I've tried pretty much everything from this similar question, but I can't get the results everyone else seems to be getting. This is my problem:
I have a data frame like this, listing the grades each teacher works with:
> profs <- data.frame(teaches = c("1st", "1st, 2nd",
"2nd, 3rd",
"1st, 2nd, 3rd"))
> profs
teaches
1 1st
2 1st, 2nd
3 2nd, 3rd
4 1st, 2nd, 3rd
I've been looking for solutions to break the teaches
variable into columns, like so:
teaches1st teaches2nd teaches3rd
1 1 0 0
2 1 1 0
3 0 1 1
4 1 1 1
I understand this solution involving the splitstackshape
library and the apparently deprecated concat.split.expanded
function is supposed to do exactly what I want, given the answerer's explanation. However, I can't seem to reach the same results:
> concat.split.expanded(profs, "teaches", fill = 0, drop = TRUE)

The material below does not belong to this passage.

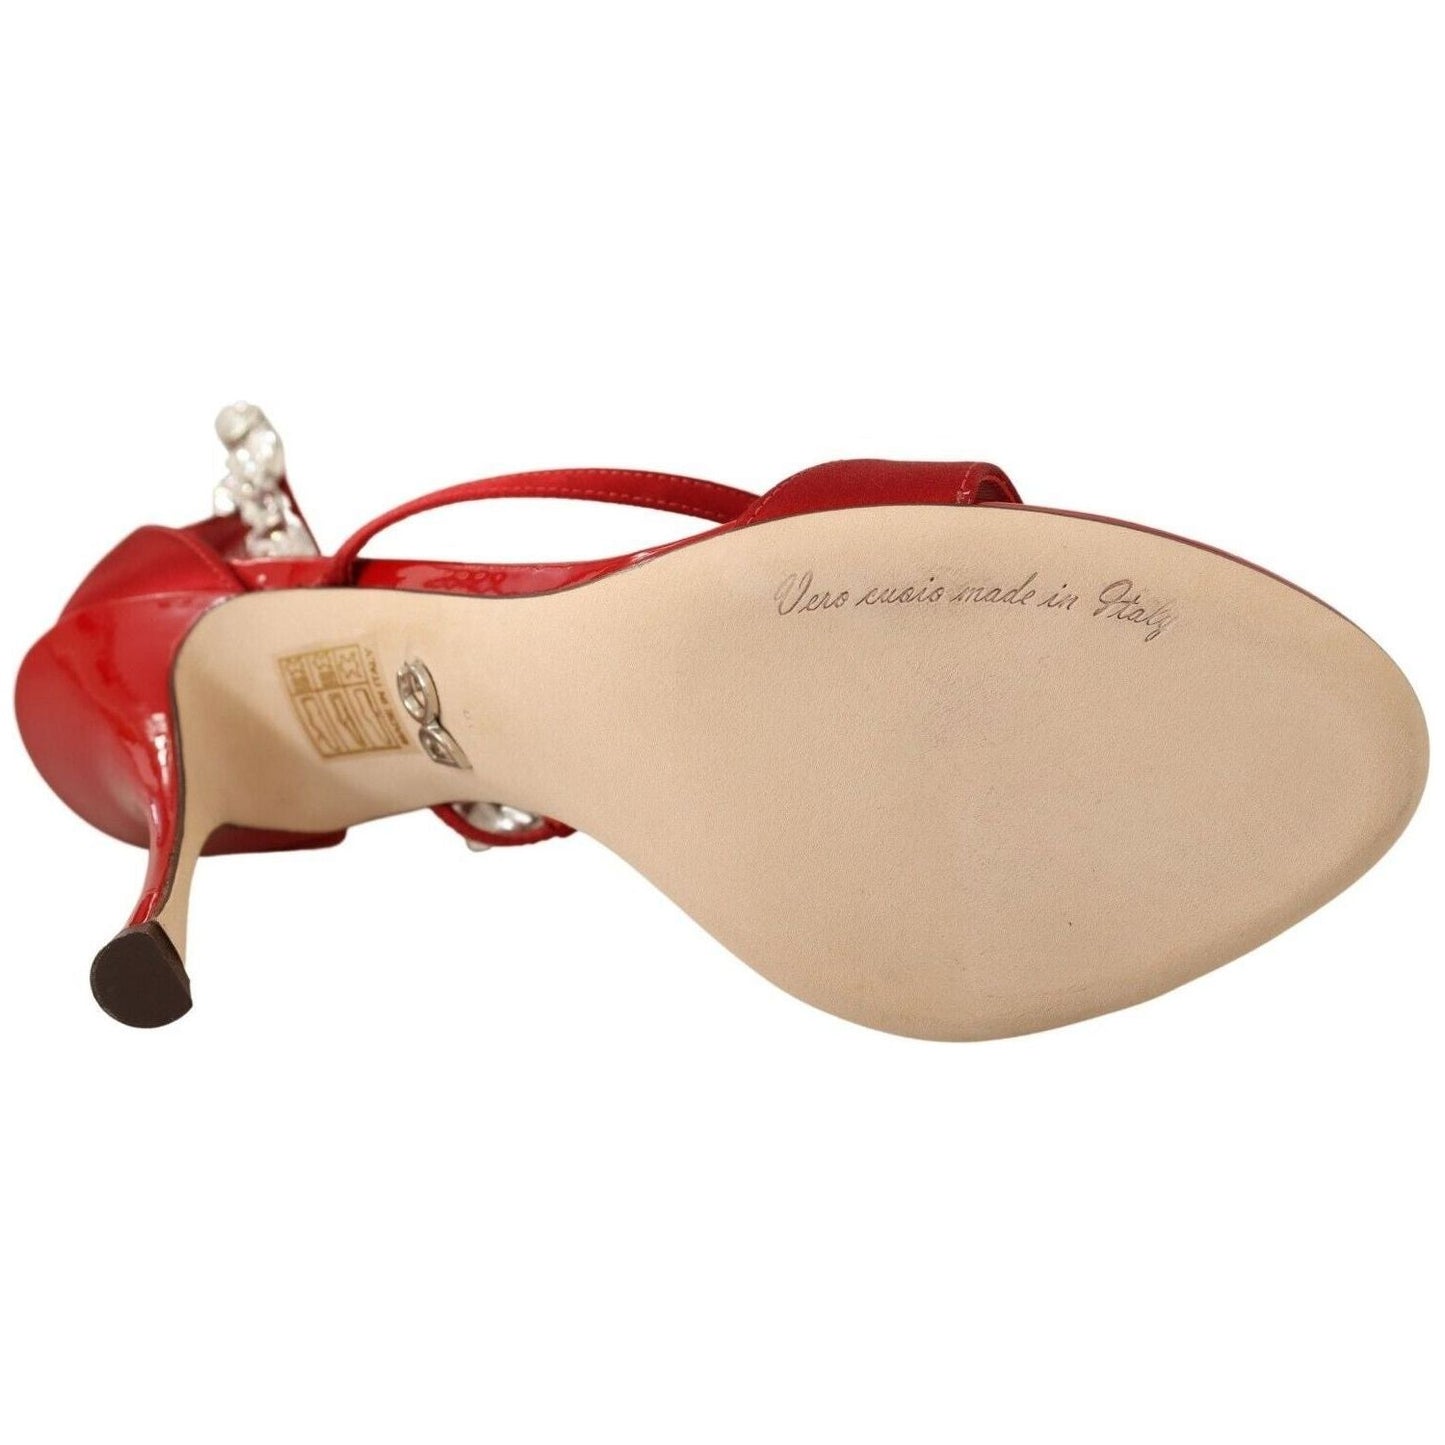 Dolce & Gabbana Red Crystal-Embellished Heel Sandals red-satin-crystals-sandals-keira-heels-shoes Heeled Sandals s-l1600-2022-11-15T152023.743-302d3447-f1e.jpg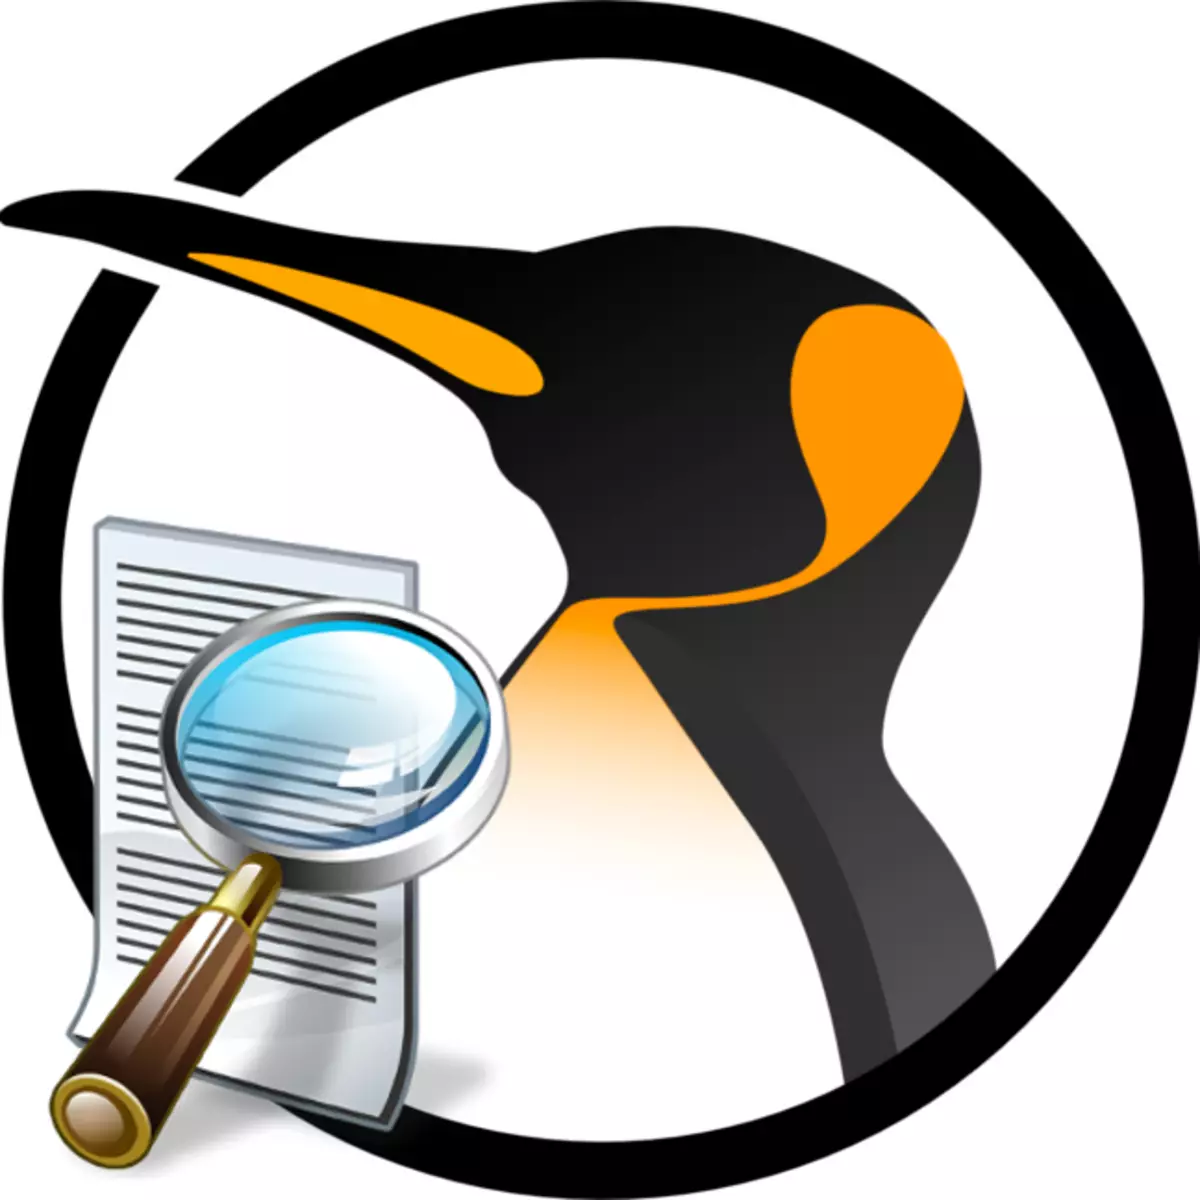 ဖိုင်များကို Linux တွင်မည်သို့ရှာဖွေရမည်နည်း

Fehler in seq.default(min(vec), max(vec)) :
'from' cannot be NA, NaN or infinite
Using cSplit
, which I understood supersedes "most of the earlier concat.split* functions", I get this:
> cSplit(profs, "teaches")
teaches_1 teaches_2 teaches_3
1: 1st NA NA
2: 1st 2nd NA
3: 2nd 3rd NA
4: 1st 2nd 3rd
I've tried using cSplit
's help and tweaking every one of those parameters, but I just can't get that split. I appreciate any help.
Since your concatenated data are concatenated character strings (not concatenated numerical values) you'll need to add type = "character"
to get the function to work as you expect it.
The function's default setting is for numeric values, hence the error about NaN
and so on.
The naming has been made more consistent with the short forms of the other functions in the same family. Thus, it is now cSplit_e
(though the old function name would still work).
library(splitstackshape)
cSplit_e(profs, "teaches", ",", type = "character", fill = 0)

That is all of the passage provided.